Bad examples (forbidden):
- "Fixed the chunking bug" → Which bug? What was the symptom? What was the root cause?
- "Improved search quality" → By what metric? From what baseline? What change caused it?
- "Used nprobe=32" → What is nprobe? Why 32? What was it before and what effect did the change have?

## Doc Maintenance
- Maintain `docs/dev/PROGRESS.md` — completed work only (with key script/log/config paths). No plans.
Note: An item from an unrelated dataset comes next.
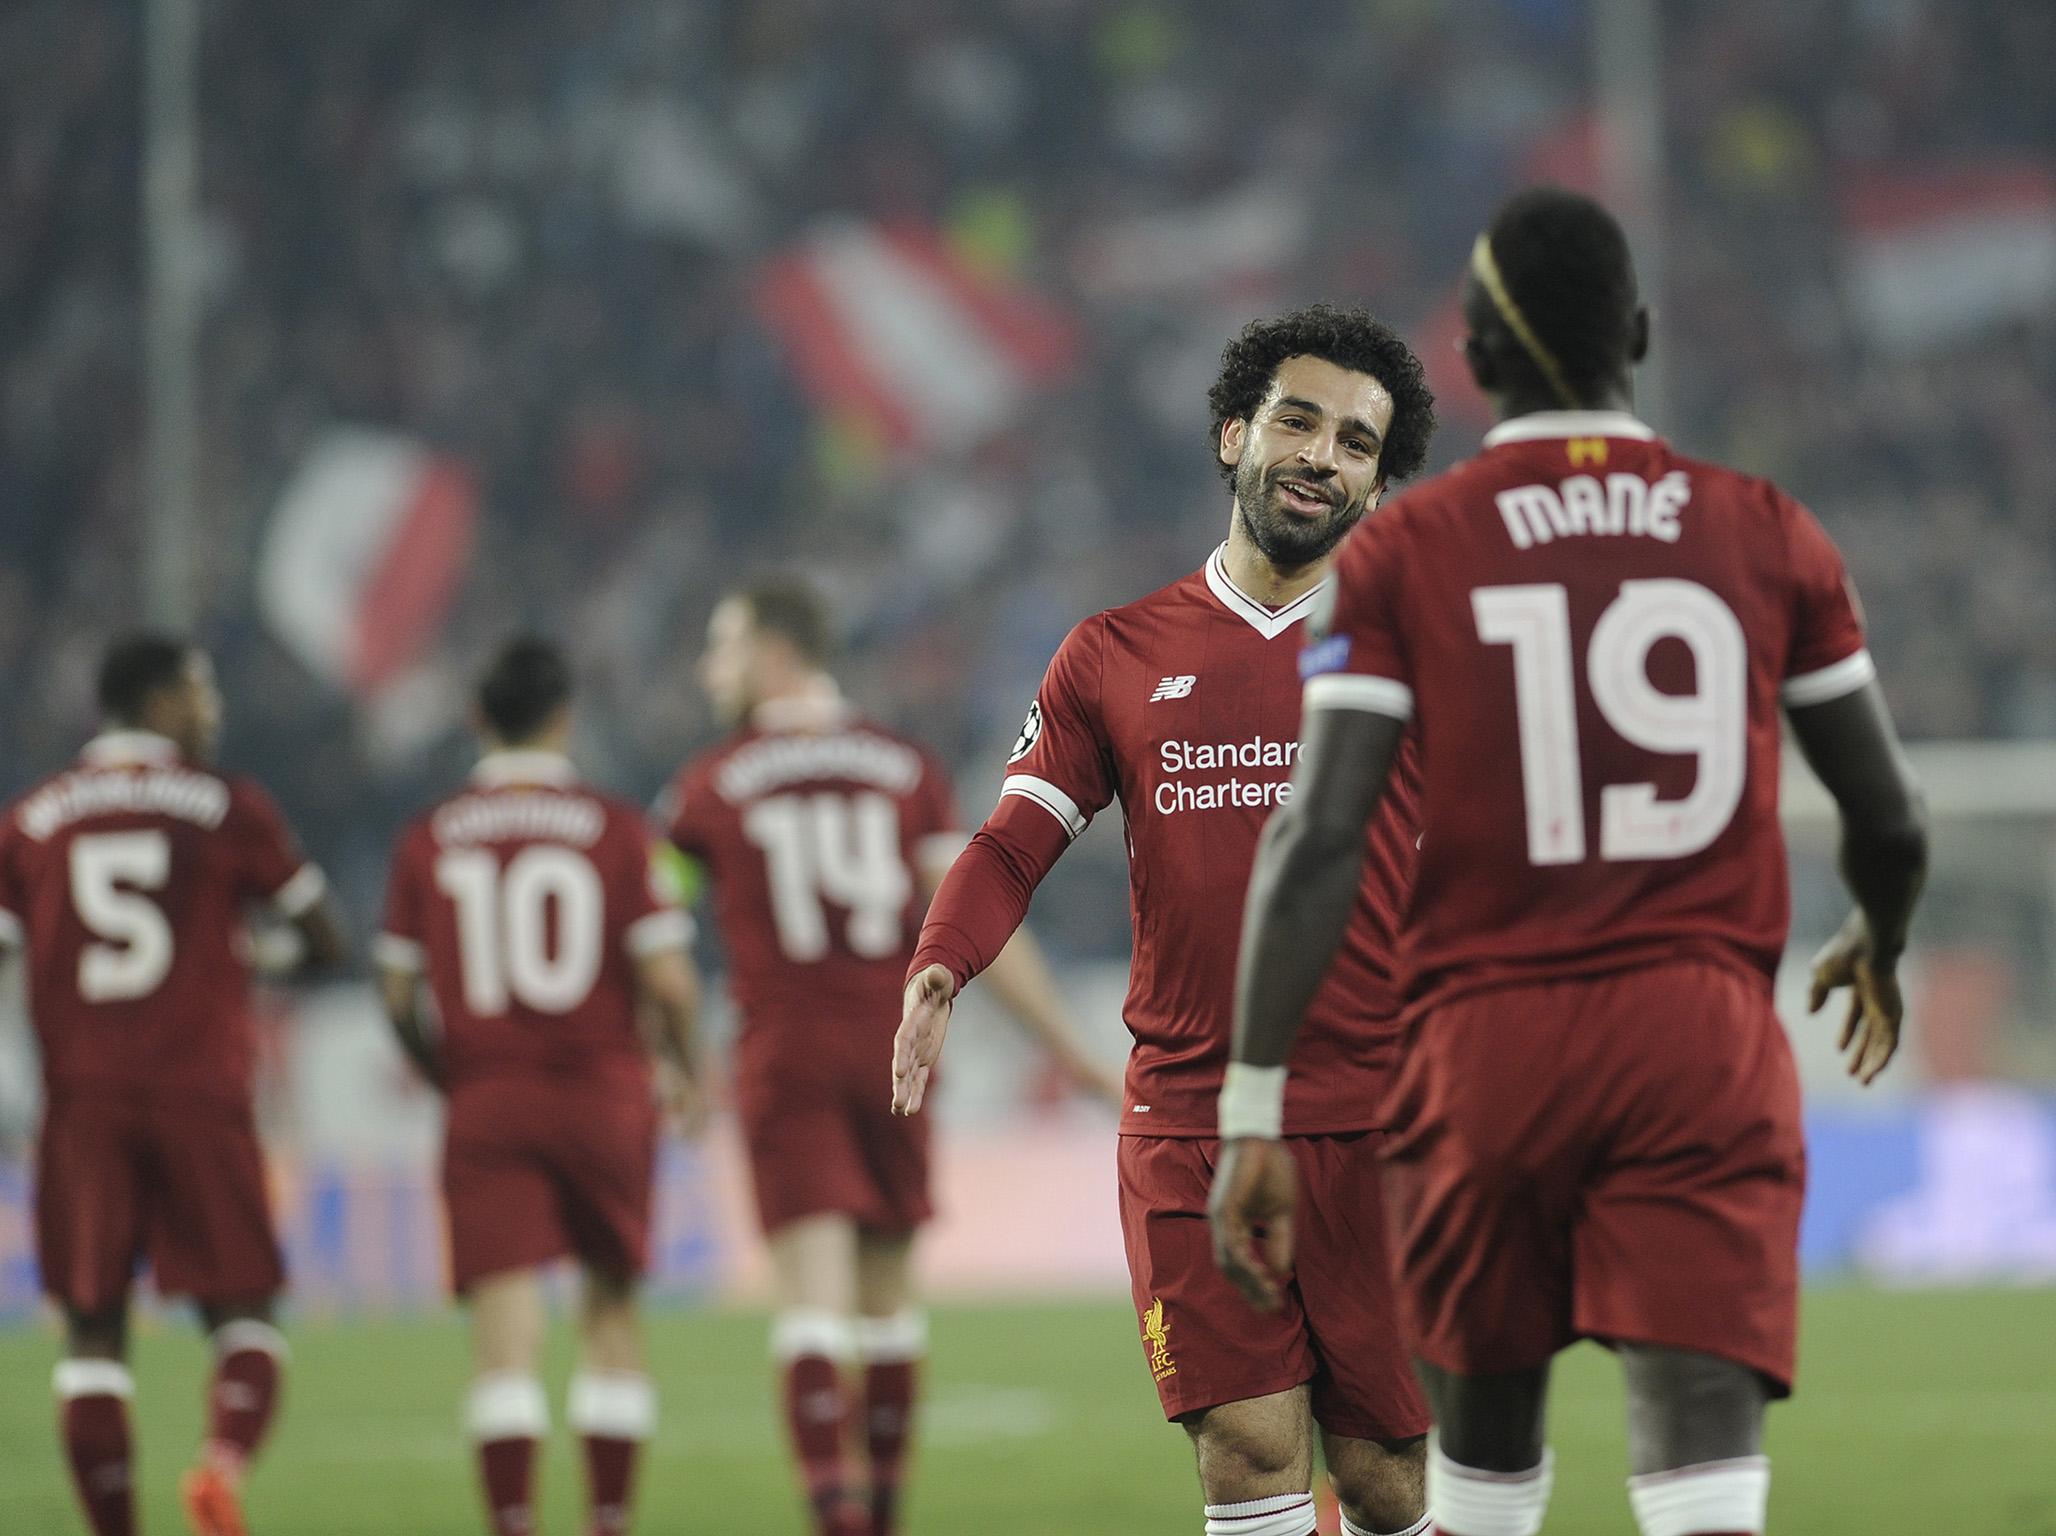 Klopp uses the pace and intelligence of Salah and Mane expertly

- Maintain `docs/dev/TODO.md` — incomplete/in-progress/next-steps only (aim for one-command reproducibility). When done: remove from TODO, write result to PROGRESS, update STATES/EXPERIMENTS if needed.
- Both files: **append-only, chronological order** (oldest first). Use `tail -n 80 docs/dev/PROGRESS.md` to read recent entries; increase range or grep by date/keyword if needed.
- Keep TODO clean — either do items or remove them. Ask the user when unsure how to handle a TODO item.
- Maintain `docs/dev/STATES.md` — tracks all currently useful state (index configs, backend choices, known limitations); does NOT grow indefinitely (delete stale entries).
- Maintain `docs/dev/EXPERIMENTS.md` — benchmarks, A/B comparisons, parameter sweeps (recall@k, latency, storage size). Experimental content goes here, not in STATES.md.

## Commits
Commit when: (1) a complete feature is finished and tested, or (2) a destructive change is unavoidable.
```bash
git add <specific files>
git commit -m “feat: ...” # follow conventional commits
```
- When correcting errors: fix directly with no trace of the error.
- If you write a correct new version of a file, delete the wrong version. No duplicate implementations.